Some versions of Flashback are reported to have added things into Safari to capture password you might enter for sites in the browser. If your browser had been infected this way, then passwords that you typed or pasted into web pages are likely to have been captured. This does not include your 1Password Master Password.

Passwords that were filled by 1Password (not pasted or manually typed) are unlikely to have been captured, but I can’t be absolutely certain of that. Although it may seem that 1Password is just pasting in or typing in your usernames and passwords for you, that’s not what is really going on. 1Password’s form filling mechanism works much closer to the bone, thus reducing the chances that something could intercept the data that 1Password fills in.
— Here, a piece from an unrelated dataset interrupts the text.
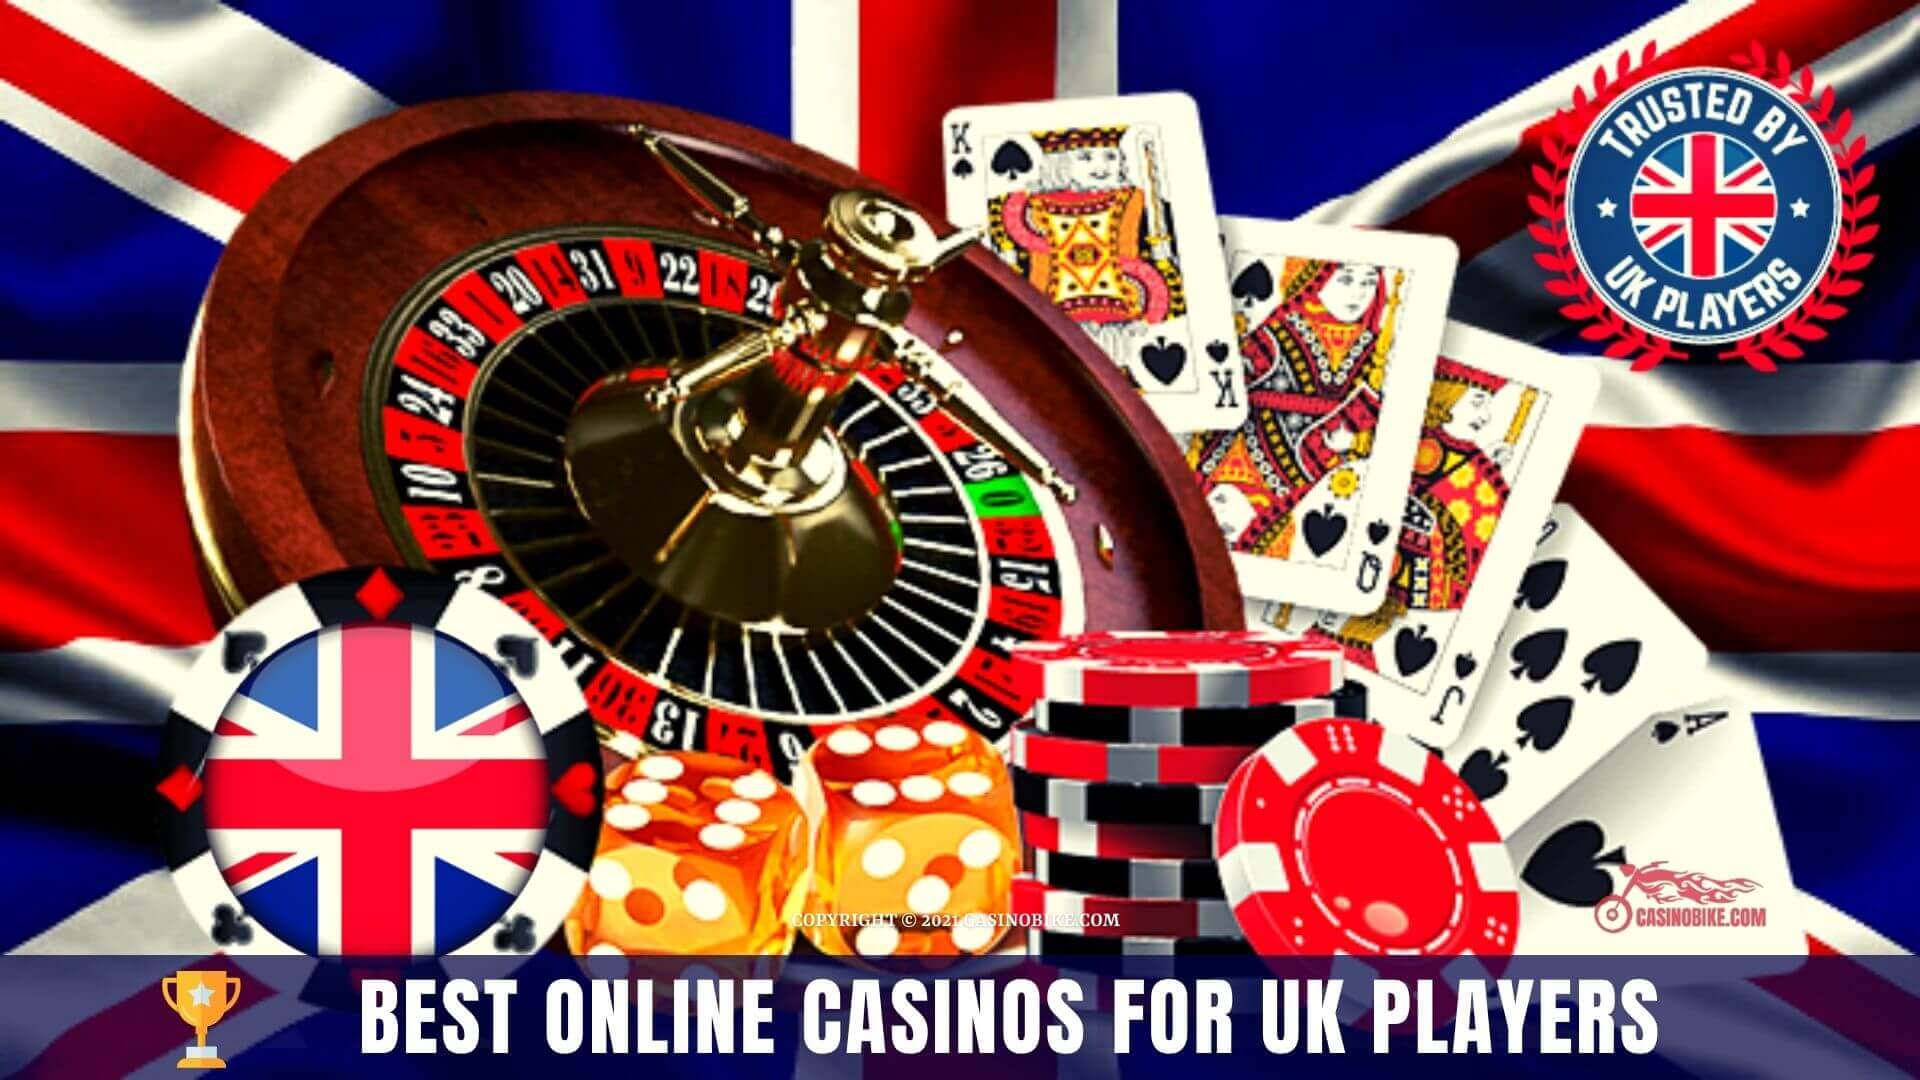 Best Make new online casino uk You Will Read This Year
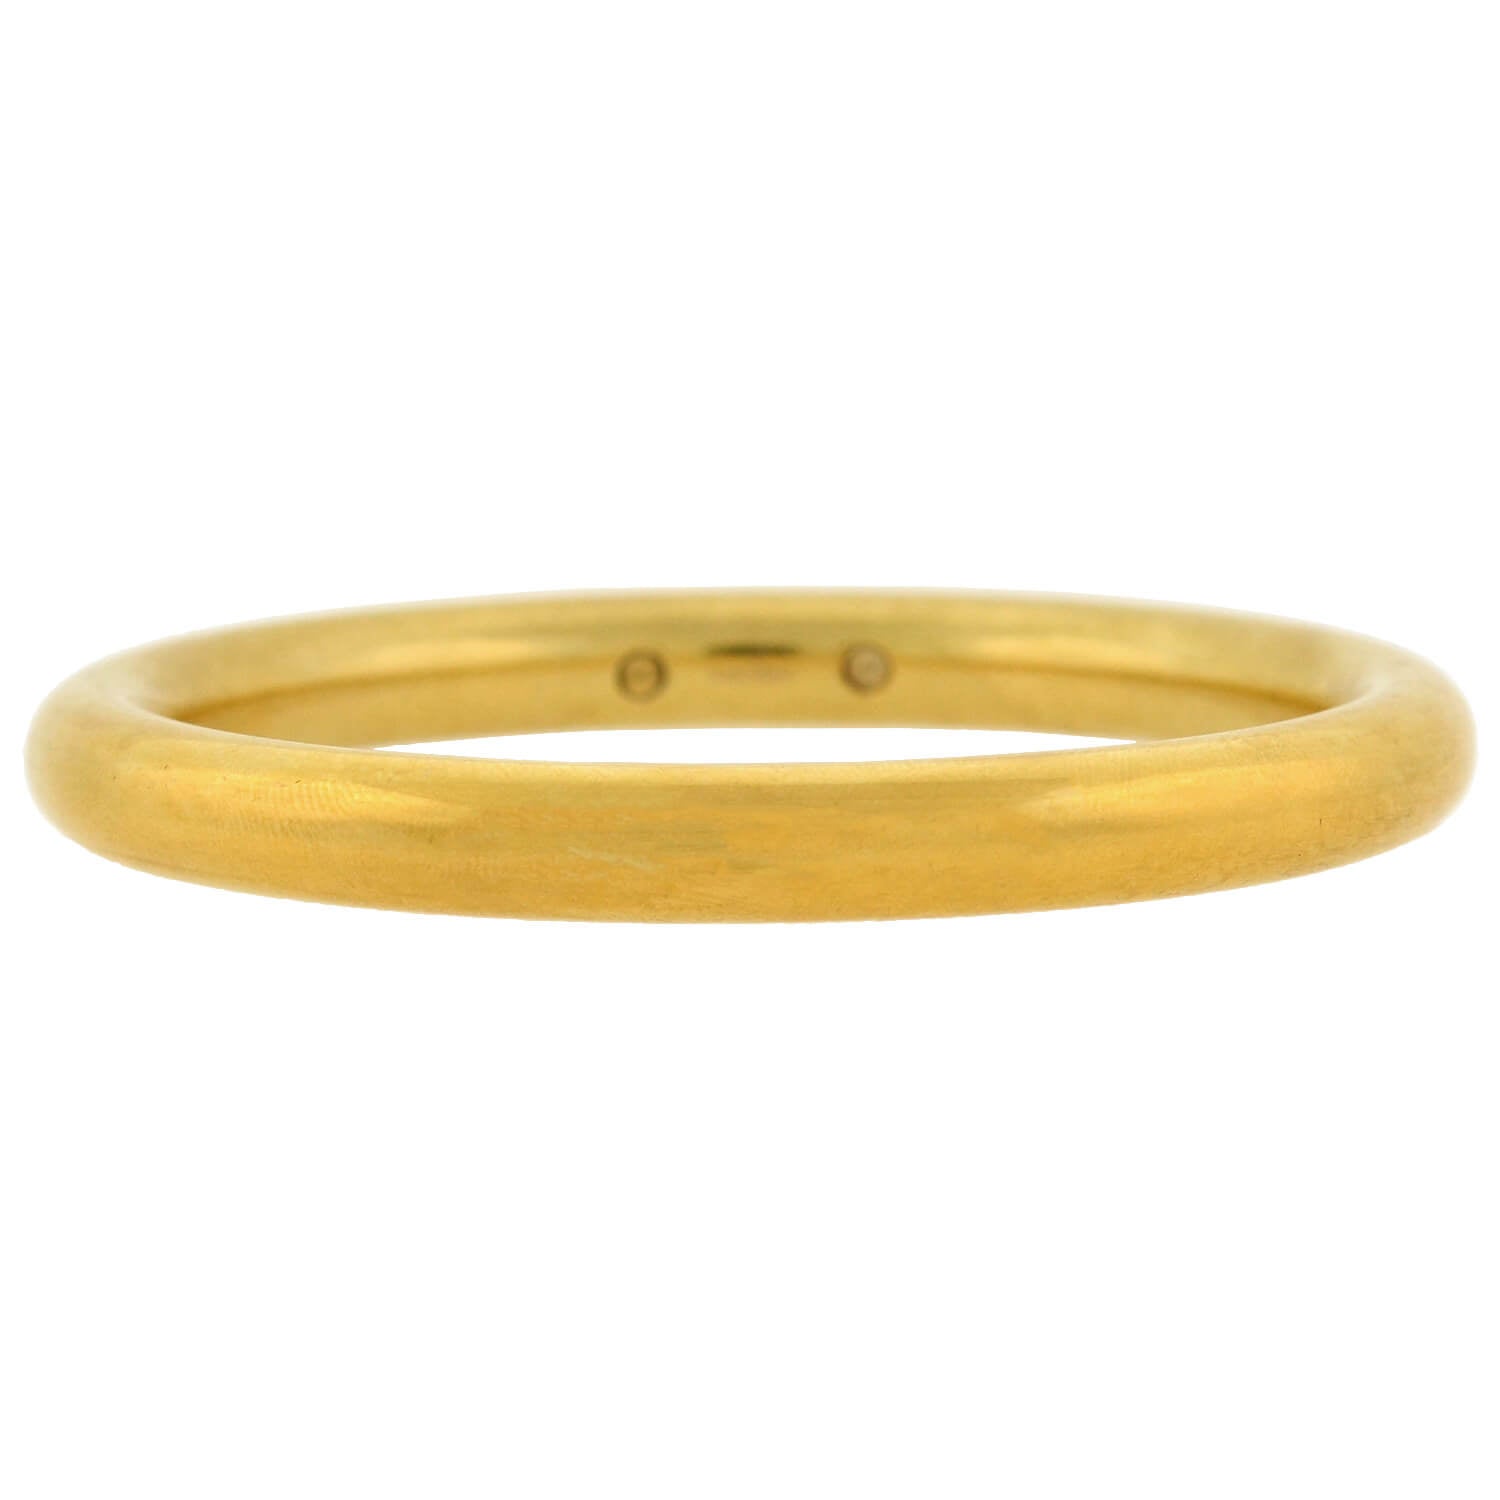 Clear Resin Covered Gold Tone 1½" Wide Bangle Bracelet

Still, because you may have pasted passwords instead of having 1Password fill everything, if your system has been infected, you should use Apple’s aforementioned Flashback removal tool and change some of your passwords. Start with your more important and frequently used ones. Passwords for email services are the first thing that attackers like to go after. After that, it’s banking and popular on-line retailers.

Even if your system was infected, there are a lot of unknowns that all act in your favor: whether you had a Flashback variant that monkeyed with Safari; whether passwords were entered in a way that the malicious software could capture; whether the people gathering that data have the resources to exploit it. One of the biggest unknowns is that many infected Macs have not been able to communicate with the command centers—the systems on the network that are set up to give instructions to infected Macs or collect data from them. Network operators and security companies substantially disrupted communication with the command centers.

Complacency or panic

Frightened people make poor security decisions, just as people who are overly complacent do. Flashback poses a non-negligible threat to your 1Password data, but “non-negligible” doesn’t mean “large”. It doesn’t even mean “significant” in this case, but it does mean that we shouldn’t ignore it. So let me repeat the advice I gave above that if your machine was, in fact, infected with Flashback, after you get it removed and your system up to date, do change your most important and frequently used passwords.